The Japanese pilots are plagued by their own personal Red Baron whom they call Yellow Snake based on the painted image of the animal on his plane. Wakabayashi suspects that Yellow Snake must be a pilot of deep experience in order to take apart his pilots in their Zeros so easily. There's even a nice scene as Wakabayashi tries to talk one of his newer pilots through instructions on how to save himself after he has his fuel tank punctured, but the young pilot simply panics and falls to his death. Wakabayashi is also contrasted with Lieutenant Noguchi (Akihiko Hirata) who is more outwardly emotional and even wants to go back and try to rescue a fallen pilot who may be alive behind enemy lines, something Wakabayashi refuses outright.

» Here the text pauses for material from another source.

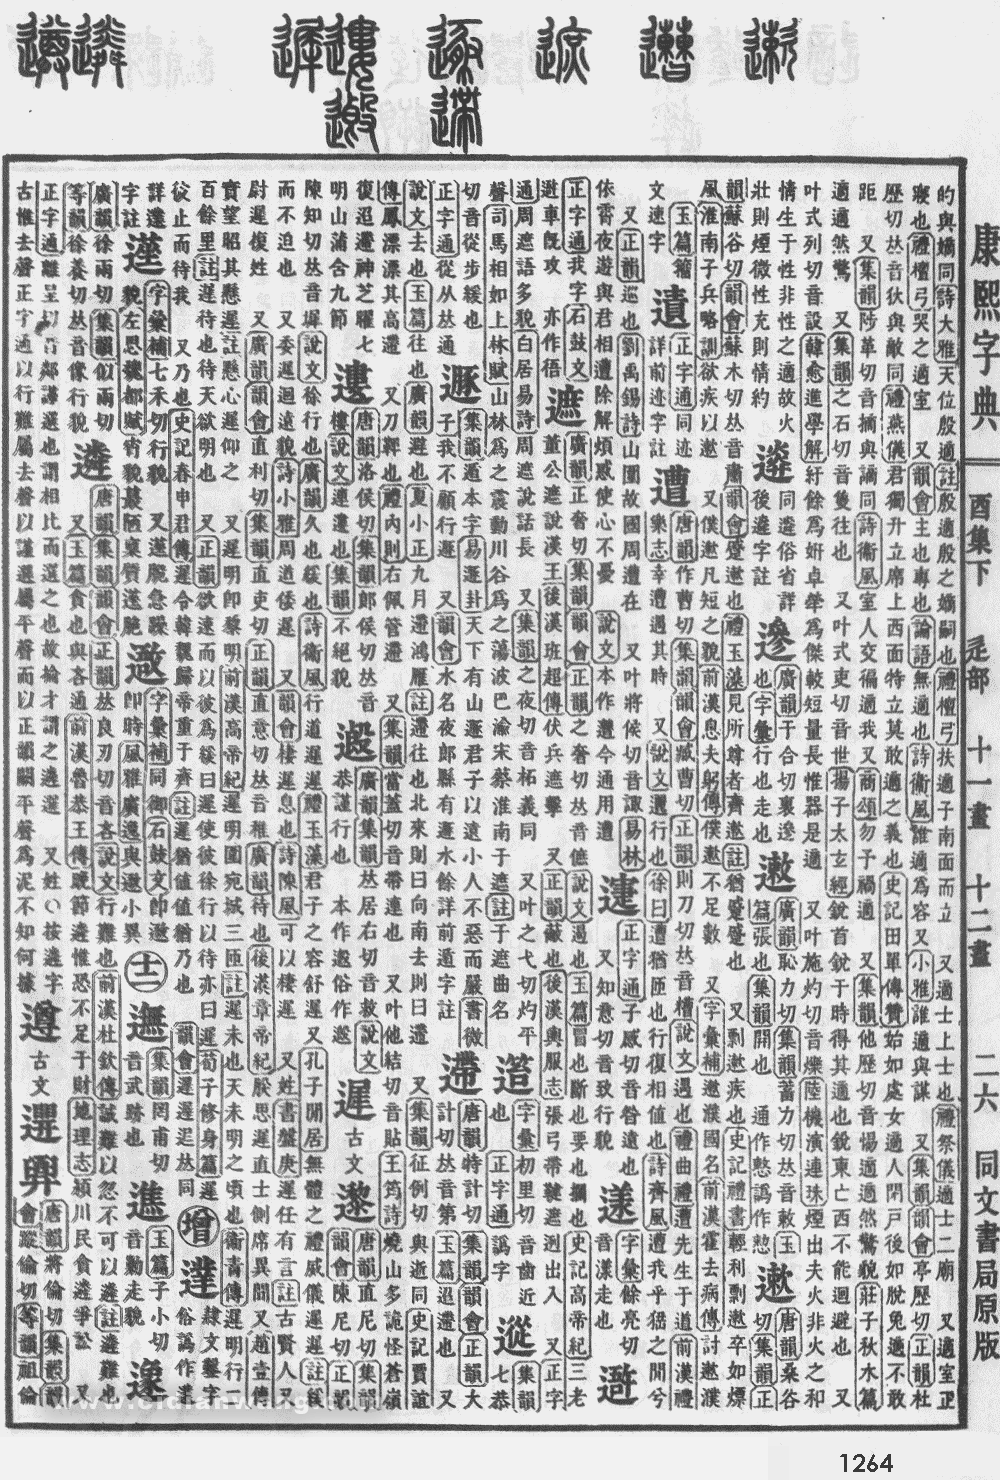 康熙字典掃描版第1264頁

The turning point is when they capture Yellow Snake (Bob Booth), an affable American who only joined the military after Pearl Harbor less than two years prior and had been a refrigerator salesman. Despite his good nature and even excitement at meeting Commander Oni (why the Americans would have the same nickname for Wakabayashi as the local New Guinian girl who hates him is unclear but whatever, that's tiny), Wakabayashi cannot bring himself to even look the man in the eye. The Japanese are being defeated by amateurs with the might of the American industrial complex behind them. In addition, Yellow Snake outlines how Japanese military tactics are antithetical to life itself, wasting life so easily, an accusation that comes right before the idea for Kamikaze flights in the Zeros to make up for lack of bombs comes to him from his superior officers. Life becomes important to Wakabayashi in a way that he had forgotten. The rest of his actions through the rest of the film aren't so much outright insubordination, but they do urge him into action to preserve life where he could in situations where he would have previously just let death happen.
Also, there's a sequence that if it wasn't inspired by the rescue sequence in Howard Hawks' Only Angels Have Wings (or Ceiling Zero since they're essentially the same film), I'll eat my hat.
The emotional reality of the film may be a step or two removed from actual reality (the idea of Japanese pilots treating a captured American pilot so nicely seems...slightly farfetched), and there's definitely an ex post facto element of trying to get the Japanese people to forgive themselves for what they did in the war by providing idealized portraits of what it was like. However, within the context of this idealized portrait of a loyal yet conflicted soldier of great skill, Wakabayashi is a compelling subject. He is a Japanese ideal, and the tragic path he ends up taking towards the end is both heroic and sad at the same time.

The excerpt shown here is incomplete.